A financial instrument’s categorization within the valuation hierarchy is based upon the lowest level of input that is significant to the fair value measurement.

The following is a description of the valuation methodologies used for instruments measured at fair value, as well as the general classification of such instruments pursuant to the valuation hierarchy.

All of the Fund’s common stock investments of $18,380,080 and cash equivalents of $2,623,812 are classified within Level 1 of the valuation hierarchy as quoted prices are available in an active market.

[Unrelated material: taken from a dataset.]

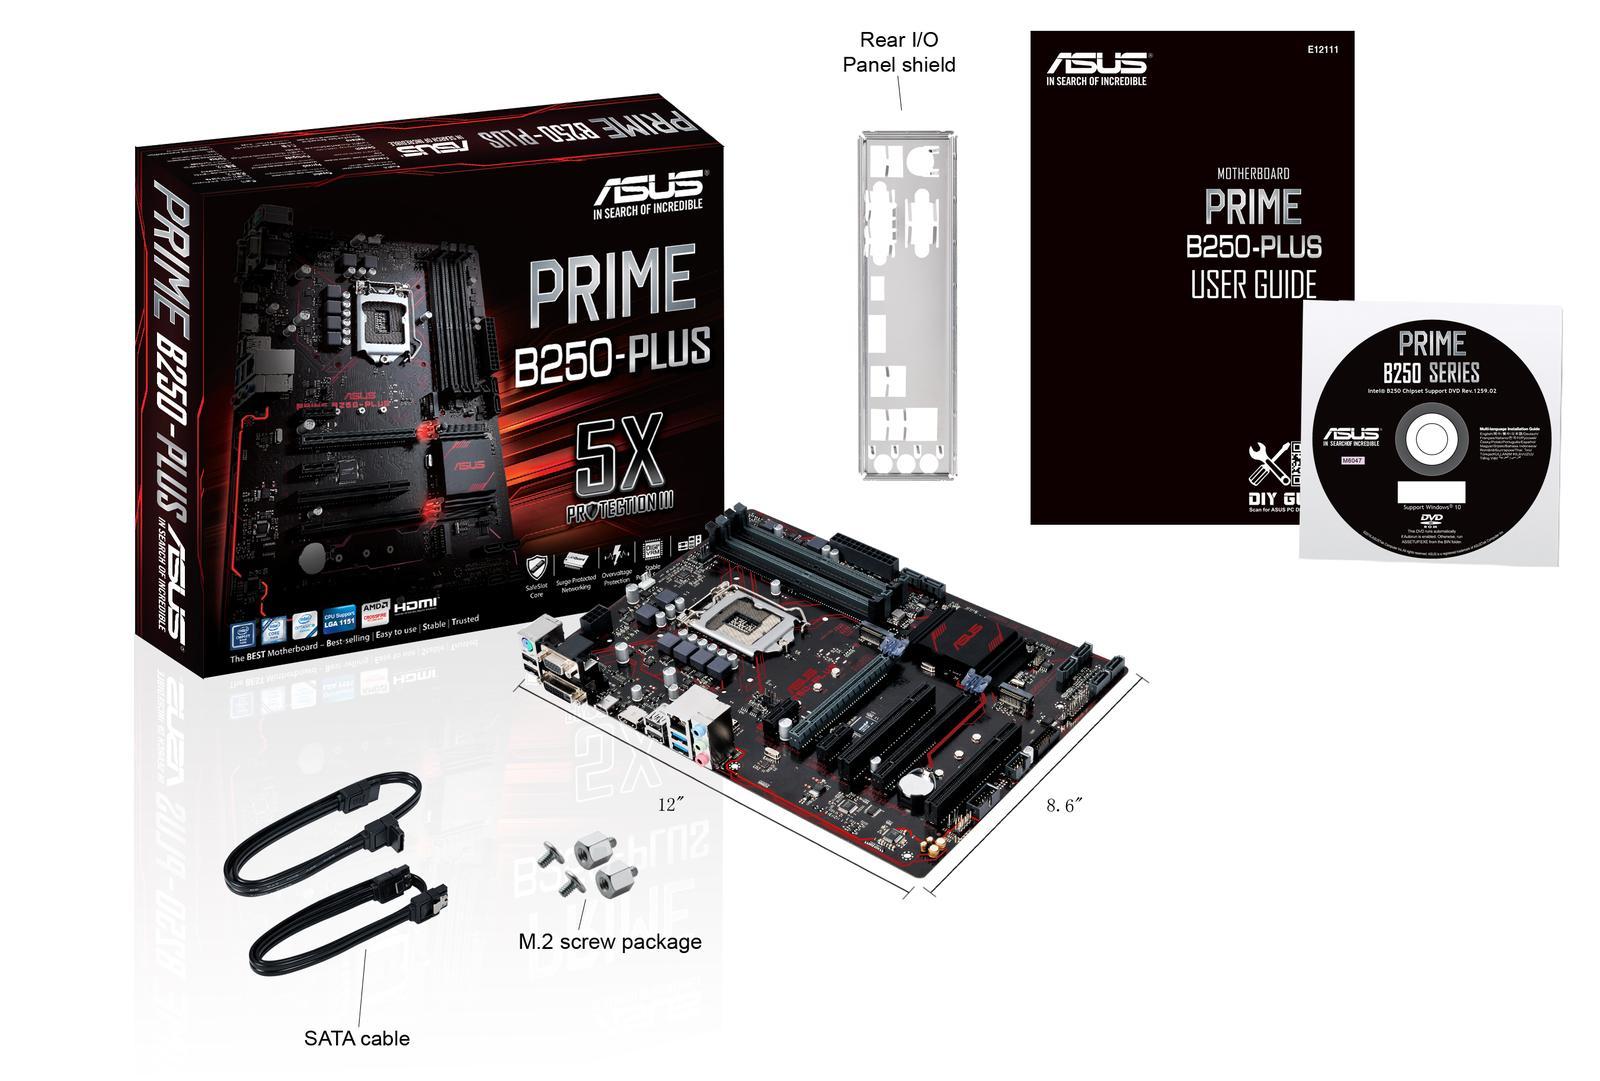 Asus PRIME B250-PLUS ATX LGA 1151
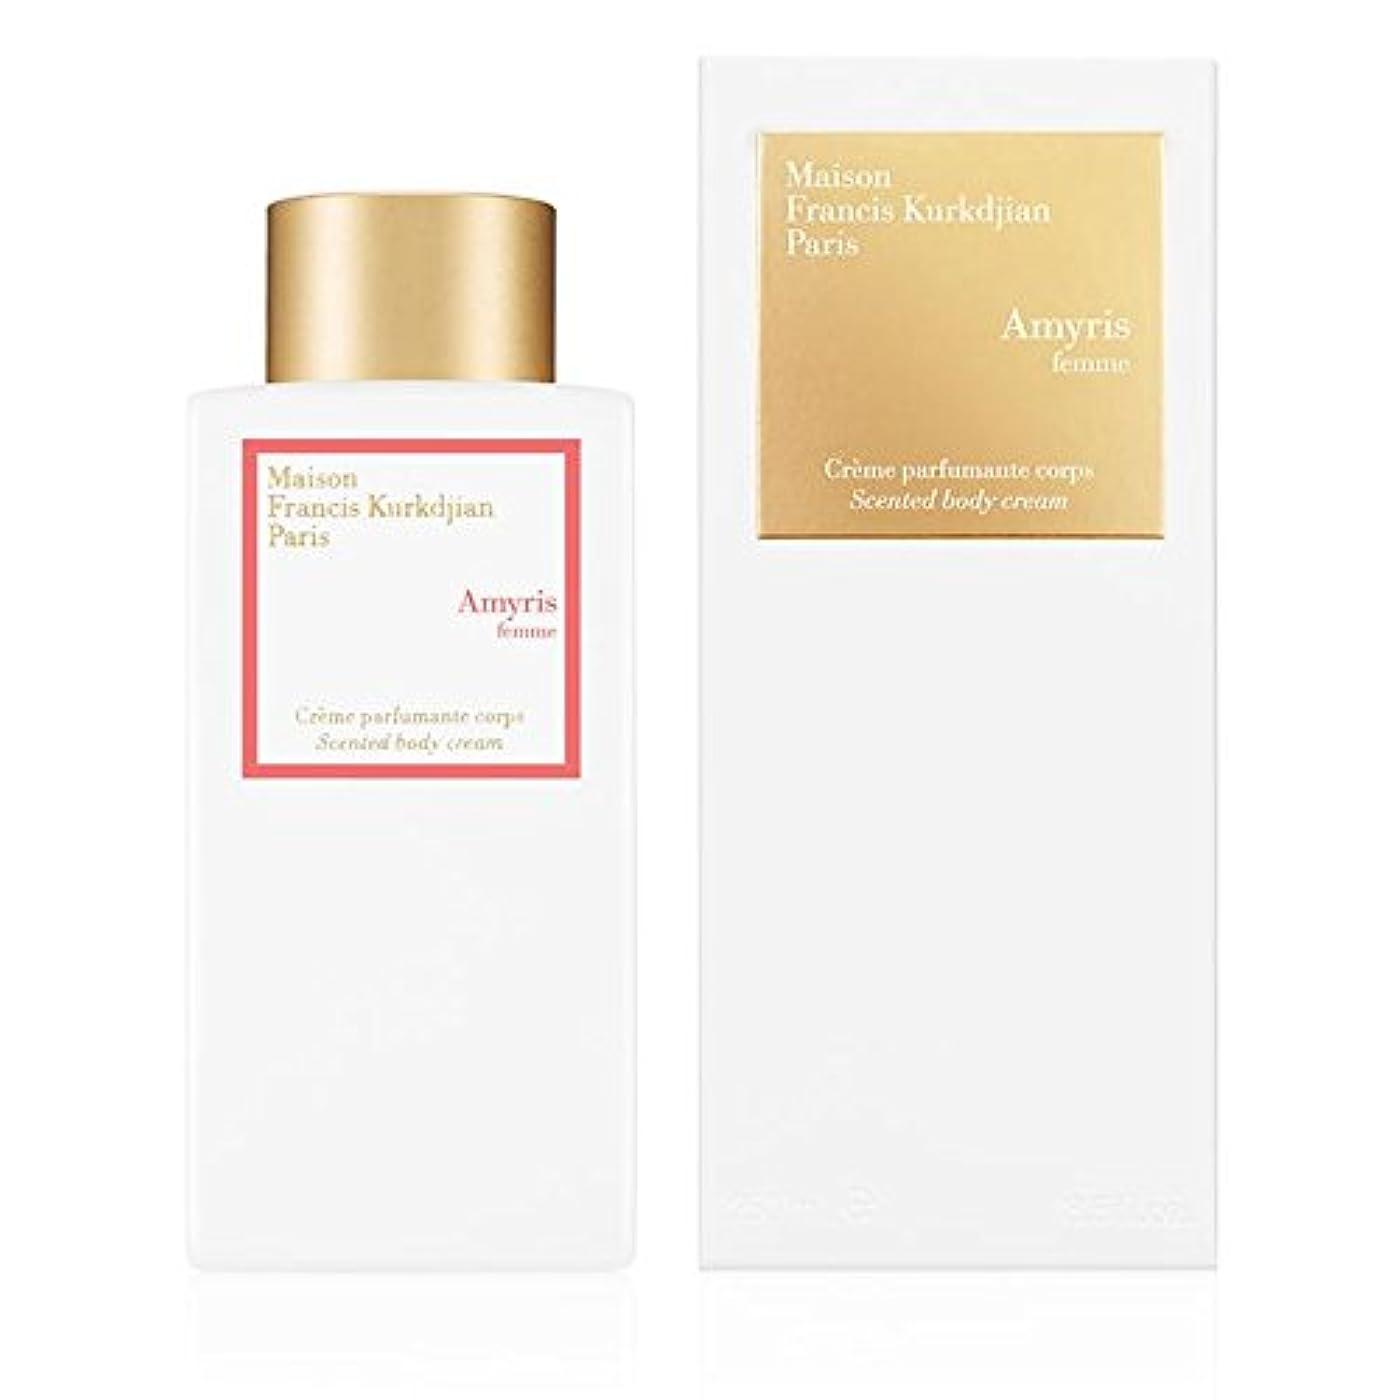 素人ビリーヤギペインメゾン フランシス クルジャン アミリス ファム センテッド ボディクリーム 250ml(Maison Francis Kurkdjian Amyris Femme Scented Body Cream 250ml)[海外直送品...

Subsequent Events – The financial statements and related disclosures include evaluation of events up through and including February 15, 2010, which is the date the financial statements were issued.


(3)  
Certain Service Providers Arrangements

Investment advisor—For its services under the Investment Advisory agreement, the investment advisor receives a monthly fee calculated at an annual rate of three-quarters of one percent (0.75%) of the weekly net asset value of the Fund, as long as the weekly net asset value is at least $3.8 million.  The investment advisor is not entitled to any compensation for any week in which the average weekly net asset value falls below $3.8 million.  Pursuant to the Investment Advisory Agreement, the investment advisor is required to provide certain internal administrative services to the Fund at the investment advisor’s expense.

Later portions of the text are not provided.